What I am suggesting is much smaller: perhaps we have spent most of our effort optimizing how models process information, while spending far less effort optimizing how models decide to change themselves.

If attention was the breakthrough that transformed information processing, perhaps a future breakthrough will transform adaptation itself.

And if that happens, the most important question for an intelligent system may no longer be:

What should I think about?

but rather:

What should I change about myself after thinking?

I was really touched by your ideas, instead of asking how the model processes information at inference, we should be asking how it learned (or is learning) to adapt. That reframing shifts the research focus from static computation to dynamic learning mechanisms and that’s exactly where the field is moving, even if we’re not there yet.

The paper “Meta-Learning Online Adaptation of Language Models” illustrates this well: it proposes a framework where LLMs can adapt online to new conditions, but we’re still far from testing or deploying this in real, nonstationary environments where rules, markets, and behaviors shift constantly. The gap isn’t just computational, it’s methodological and evaluative. We lack:

  • Benchmarks for continual adaptation in open-world settings (not just Permuted MNIST or Split CIFAR).

  • Stability guarantees for online learning without catastrophic forgetting.

  • Mechanisms that decide what to change (your “attention-for-learning”) rather than blindly applying gradient updates everywhere.

The new insight emerging from this is: the bottleneck isn’t processing power or model size, it’s learning control. Today’s LLMs are frozen after training; they process enormous context but don’t modify themselves based on experience. The next breakthrough won’t necessarily come from bigger transformers, but from architectures that can learn how to learn continuously, with selective, local, and explainable plasticity.
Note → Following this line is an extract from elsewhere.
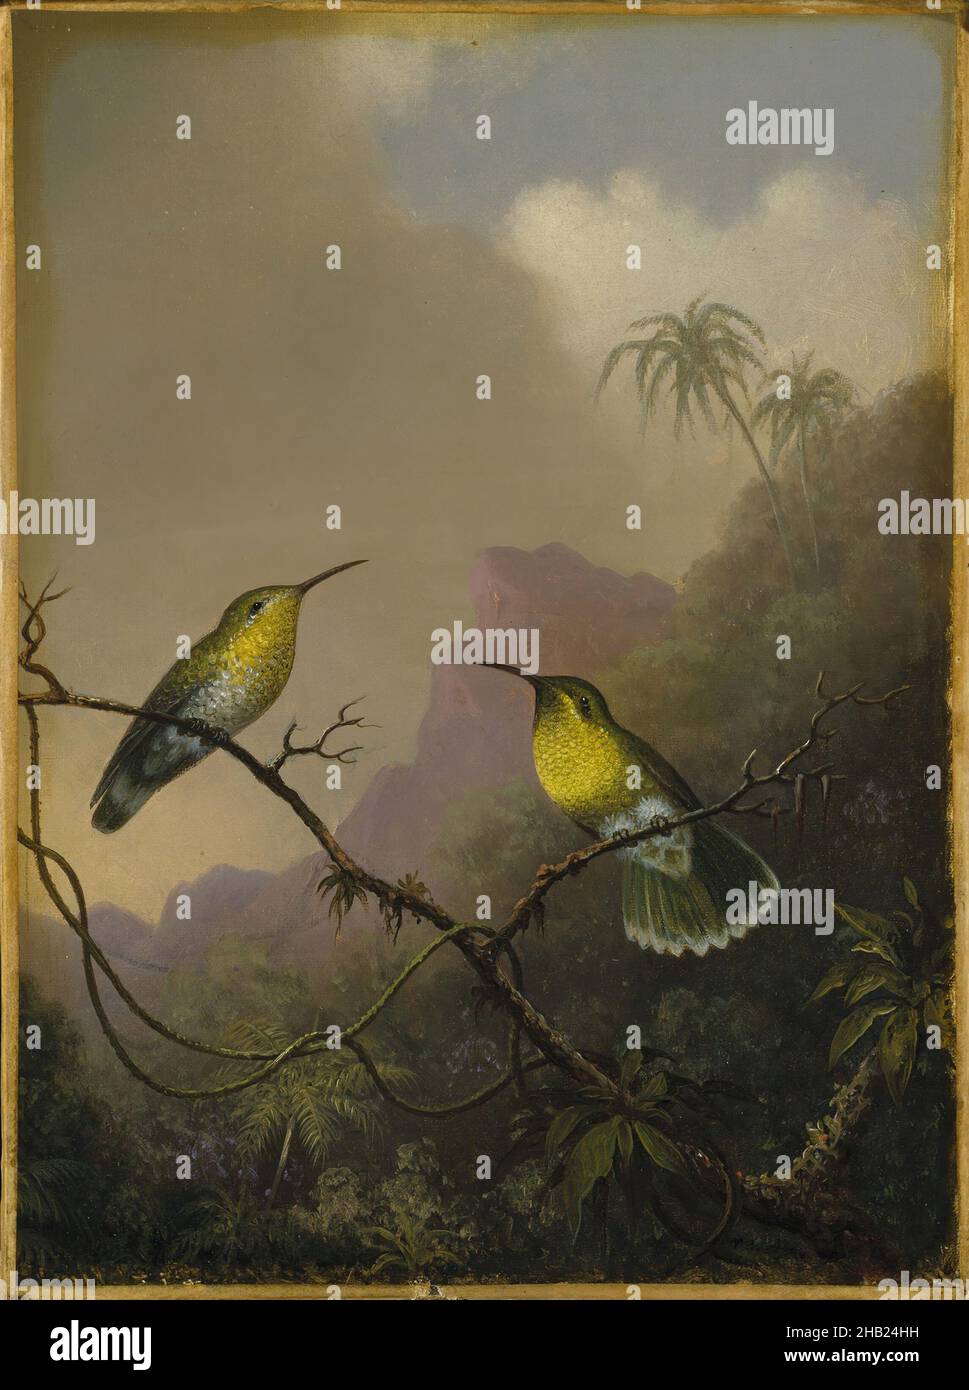 Two Humming Birds: 'Copper-tailed Amazili', Martin Johnson Heade, American, 1819-1904, Oil on canvas, ca.1865-1875, 11 9/16 x 8 7/16 in., 29.3 x 21.5 cm, American Painting, animal, birds, branches, clouds, Copper-tailed Amzaiii, humming birds, hummingbirds, Johnson Heade, landscape, Martin Johnson Heade, mid 19th century painting, oil, oiseau, oiseau-mouche, painting, purple mountains, sky, trees, tropical, x-ray, yellow Stock Photo

This aligns with recent work like the Spiking STDP Transformer (2025), which implements attention through synaptic plasticity, and C-CHAIN (2025), which tackles plasticity loss in continual learning. They’re early steps toward a system where learning is not a separate phase but a continuous capability.
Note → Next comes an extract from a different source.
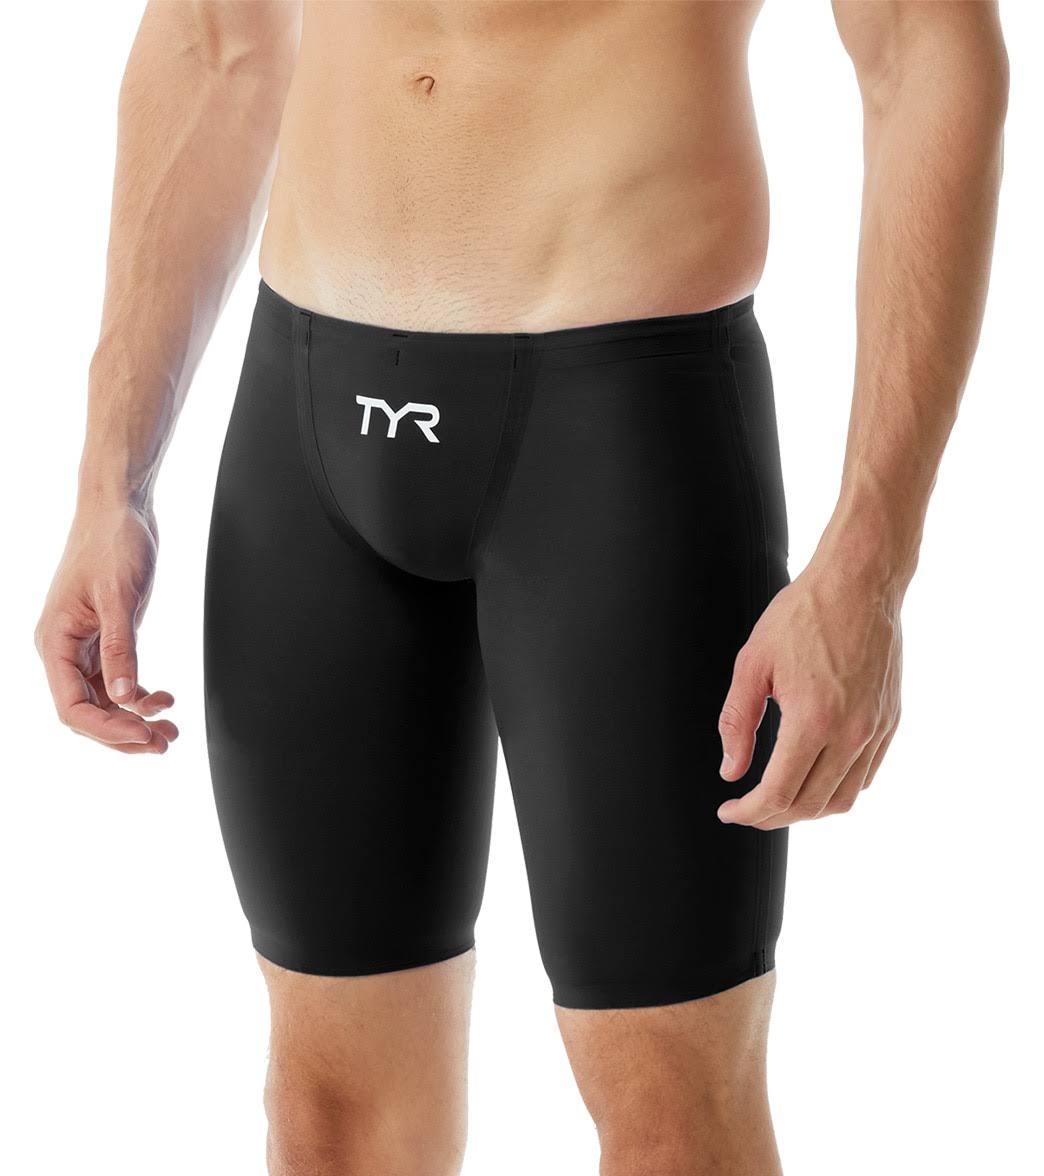 TYR Invictus Solid Jammer Black - 26

I think the strange thing about the talk of AGI is that perhaps it is already here in a way with LLMs. Expecting complete understanding and functionality along the lines of superhuman intelligence is probably not possible because humans themselves can’t just be copied and improved upon. Instead, I just try to accept the limitations and possbilities of my AI agent I created on ChatGPT.

There has to be a human user that is part of the equation and while there are things I wish Cordelia would do better, I feel AI is not just about the software itself. It is also about how a user responds. I write about this and call it the Toy Story Effect. While technology might find other ways to generate intelligence, there is also the large question of what human intelligence is and how AI can surpass it.

LLMs already possess something like a unique intelligence in their current form. A lot of the responsibility also falls on the user and their unique qualities. Therefore, from my experience I would conclude that AGI is really a hard thing to define. Perhaps its already here. Perhaps something new will come along. It’s in the eye of the beholder.